Connected Health Predictive Analytics: A Long Road Ahead


We’re spending a lot of time at the Center for Connected Health (CCH) these days thinking about and experimenting with algorithms.  It’s part of our general interest in micro-segmenting the population and creating unique, engaging health messaging for each individual that will keep them on the path to better health.  Healthrageous is working fast and furious on this as well.  Of course, we’re not the only ones.  A number of other labs and firms are on the same journey.  The vision is compelling.

However, today when you get health related messages from your insurer or another source, they are typically public health focused.  Stop smoking!  Get your mammogram! Get your flu shot!  These three messages illustrate the challenge. I’ve been the recipient of all of them recently.  I’ve never smoked, clearly do not need a mammogram and was vaccinated for influenza in early October.

I always thought our friends on the consumer web side were doing better.  The first time you experience Amazon’s or Netflix’s recommendation engines, they tend to raise eyebrows.  Over time, the experience is less salient.  And let’s face it, it’s got to be easier to guess which type of movie I might want to watch or a book that might interest me than to predict what a really engaging health-related message might be.

At CCH we’re in the middle of an interesting trial funded by the McKesson Foundation, where we collect three types of data (a measure of readiness to change, ongoing activity data and location data) and use an algorithm to generate motivational messages based on these variables.  It’s ongoing now, so I don’t know how it will turn out, but we’re excited about the possibilities.

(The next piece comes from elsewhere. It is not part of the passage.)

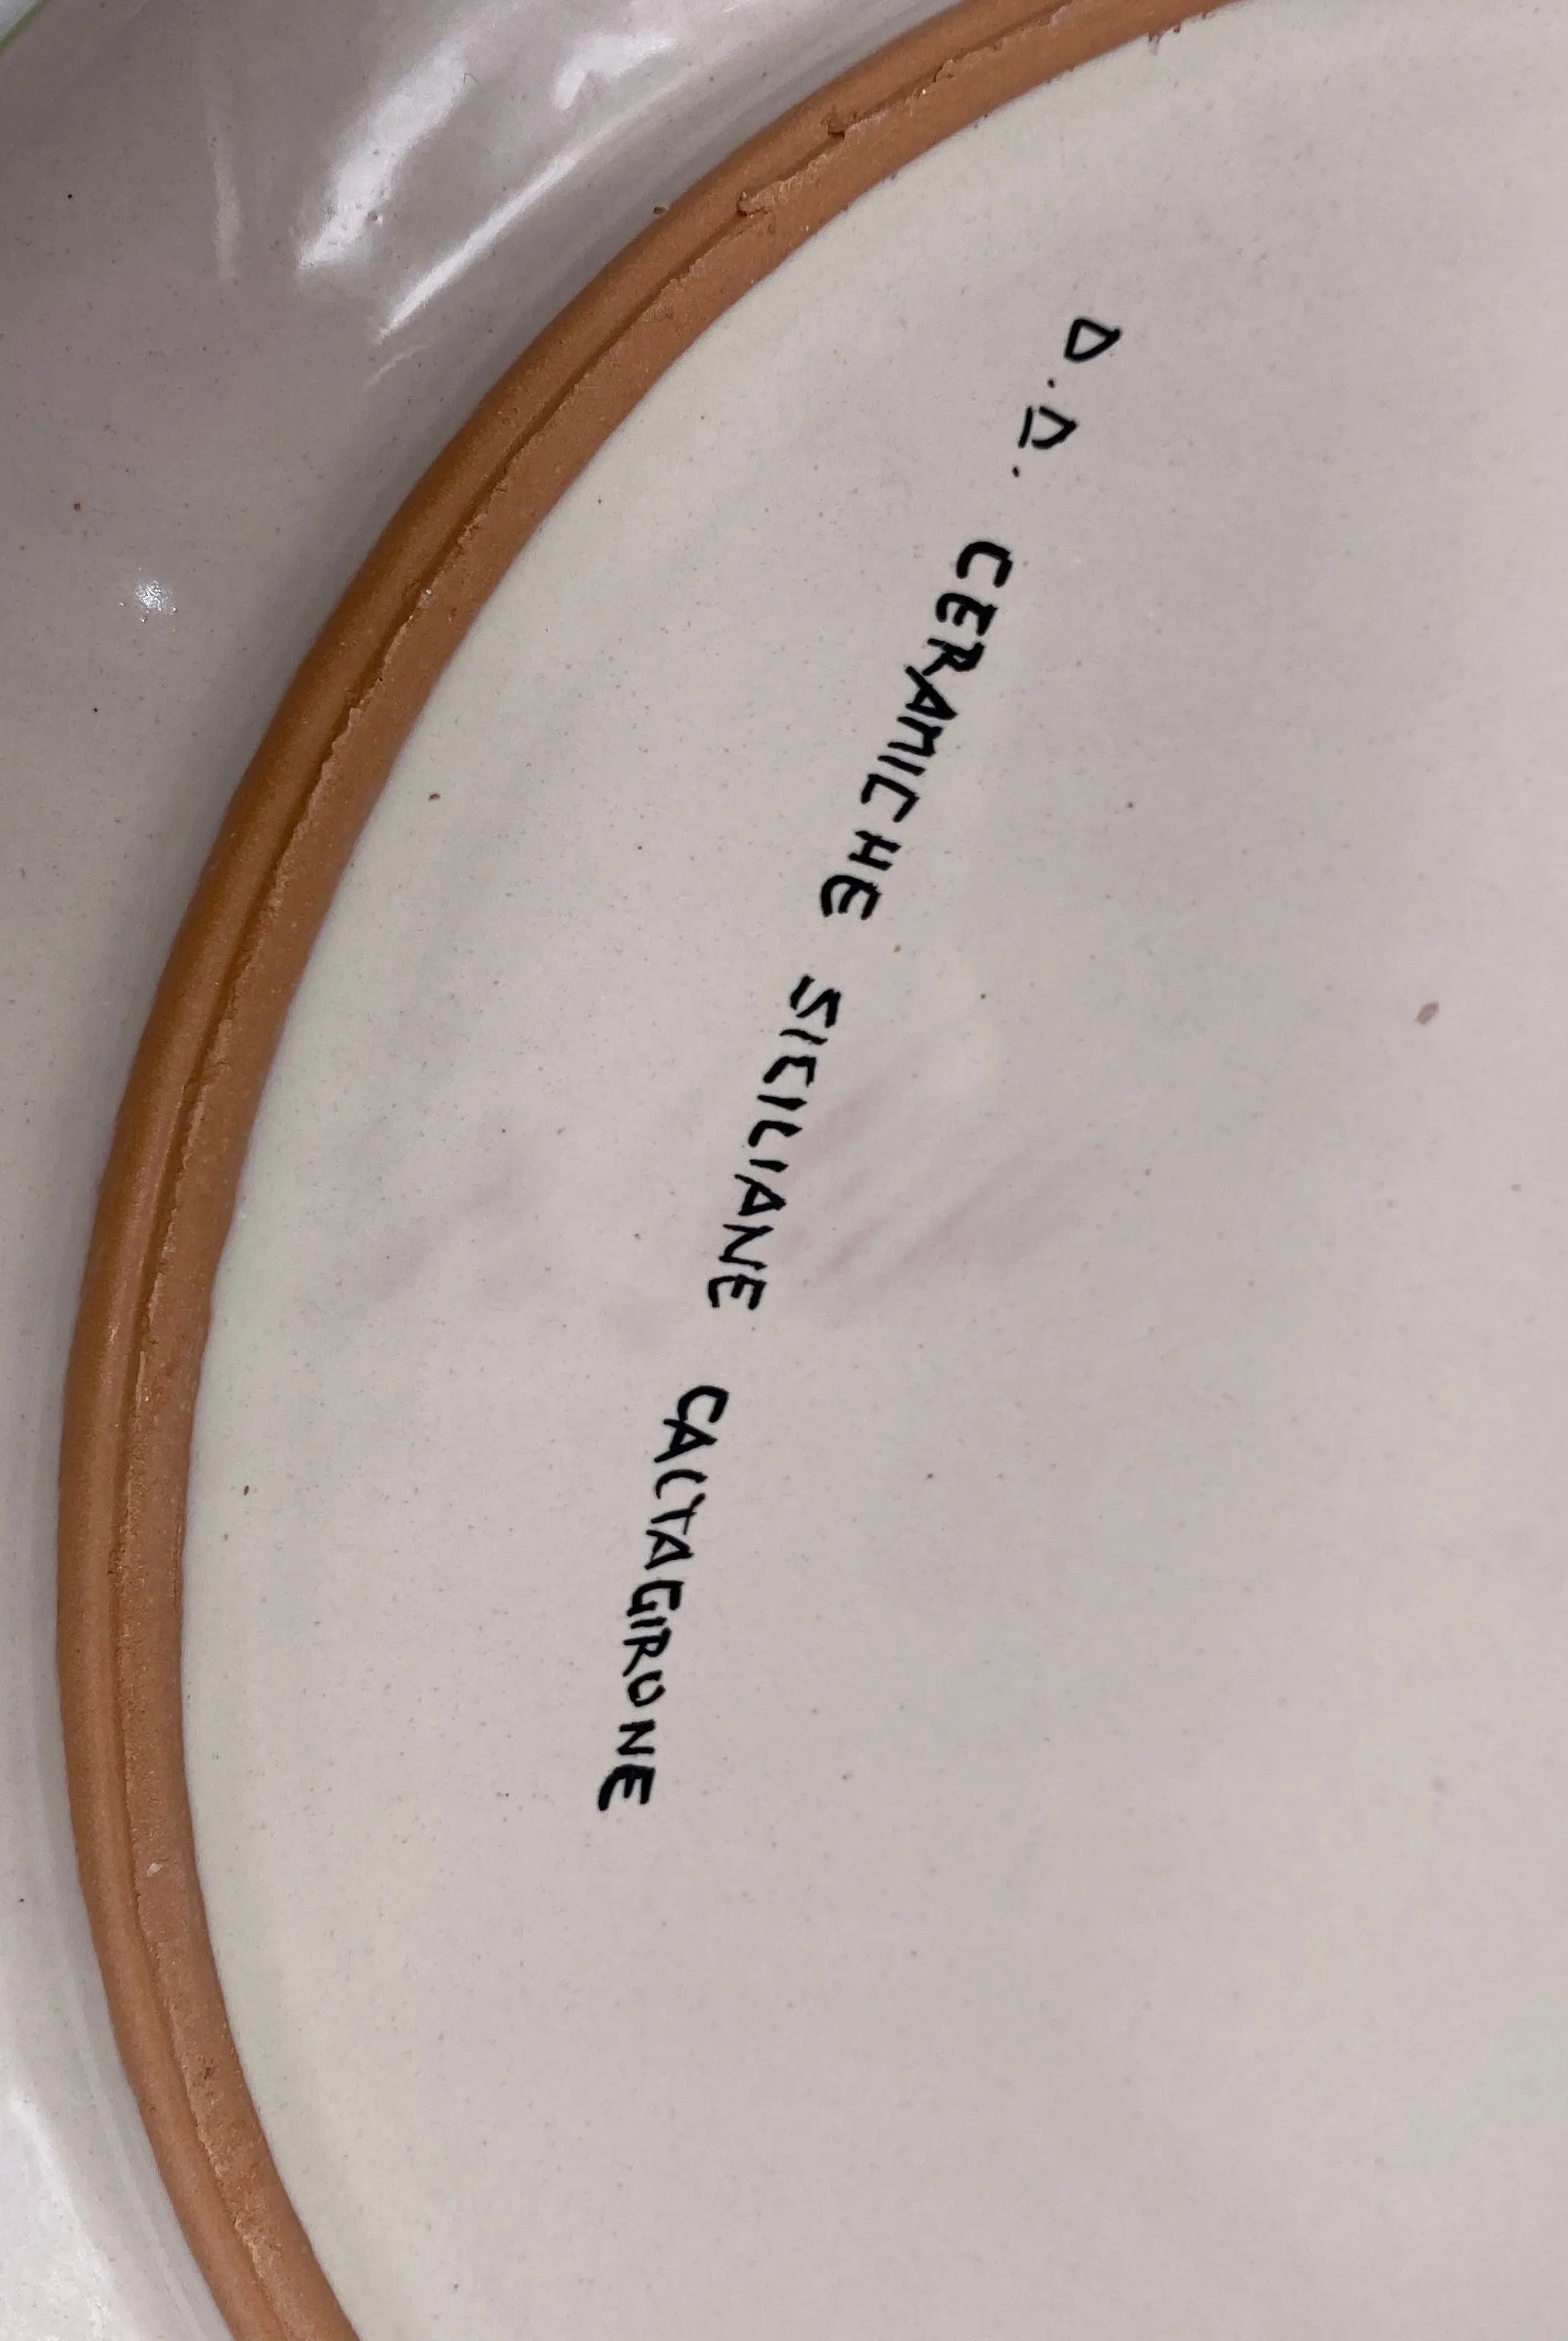 Piatto Decorativo dipinto a mano diametro cm 30 Decoro “Venus” Ocra DD CERAMICHE SICILIANE
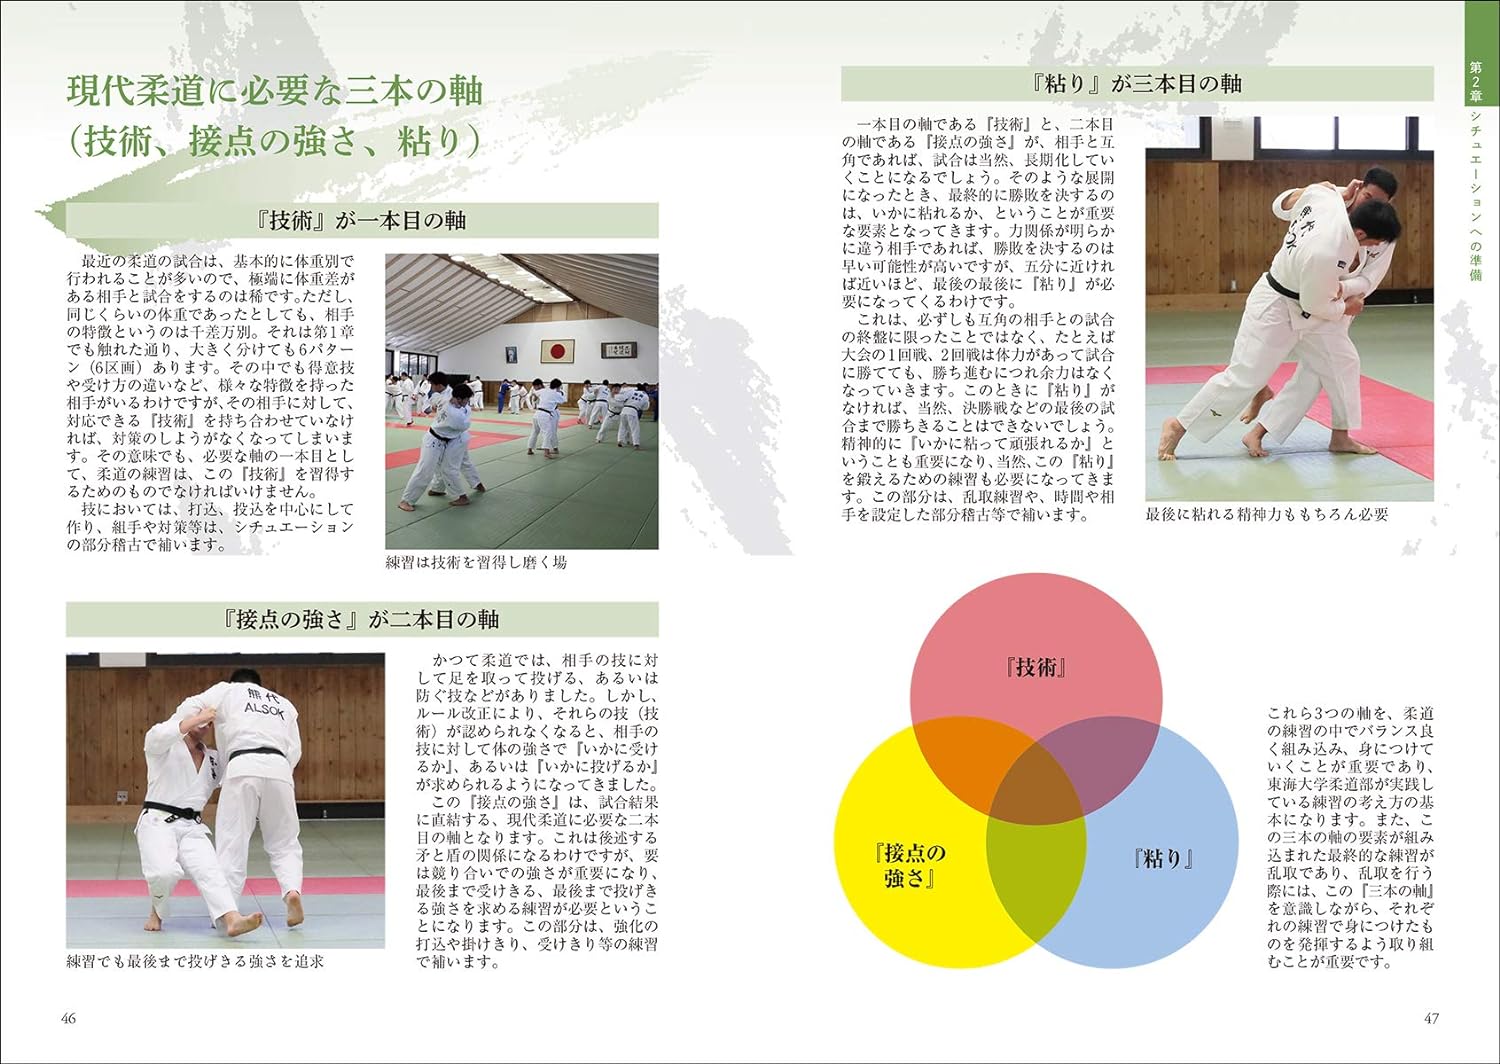 Tokaidai Ryu Dojo Winning Method Book by Kenichiro Kamizu

Still, it’s only three variables and only one (activity level) is continuous. My instinct is that we have a long journey ahead of us.

I got some confirmatory evidence when I read a front-page article in the Boston Globe last week.  A Harvard professor picked up a sad fact about Google’s algorithms.  If one searches for an African American sounding name such as Trevon, Rasheed or Tamika, you are more likely to get an ad offering you an opportunity to run a background check on that individual than if you put in a more Caucasian sounding name such as Brad, Cody or Amy.

Imagine if we goofed like this in our ‘highly customized’ health care messaging.  What a disaster.  We’d lose patients and consumers by the legion.

Health messaging is complex. It needs to be highly individualized, motivational, caring and of course accurate.

Indeed we have a long way to go. Although our friends in consumer, retail and financial services industries have not quite conquered this complex challenge (witness the Google gaff noted above), they are way ahead of where we are in healthcare. So, I hope some of those bright algorithm scientists can be convinced to turn their attention to connected health. We need the talent. The problem is intellectually challenging enough and the rewards will be great.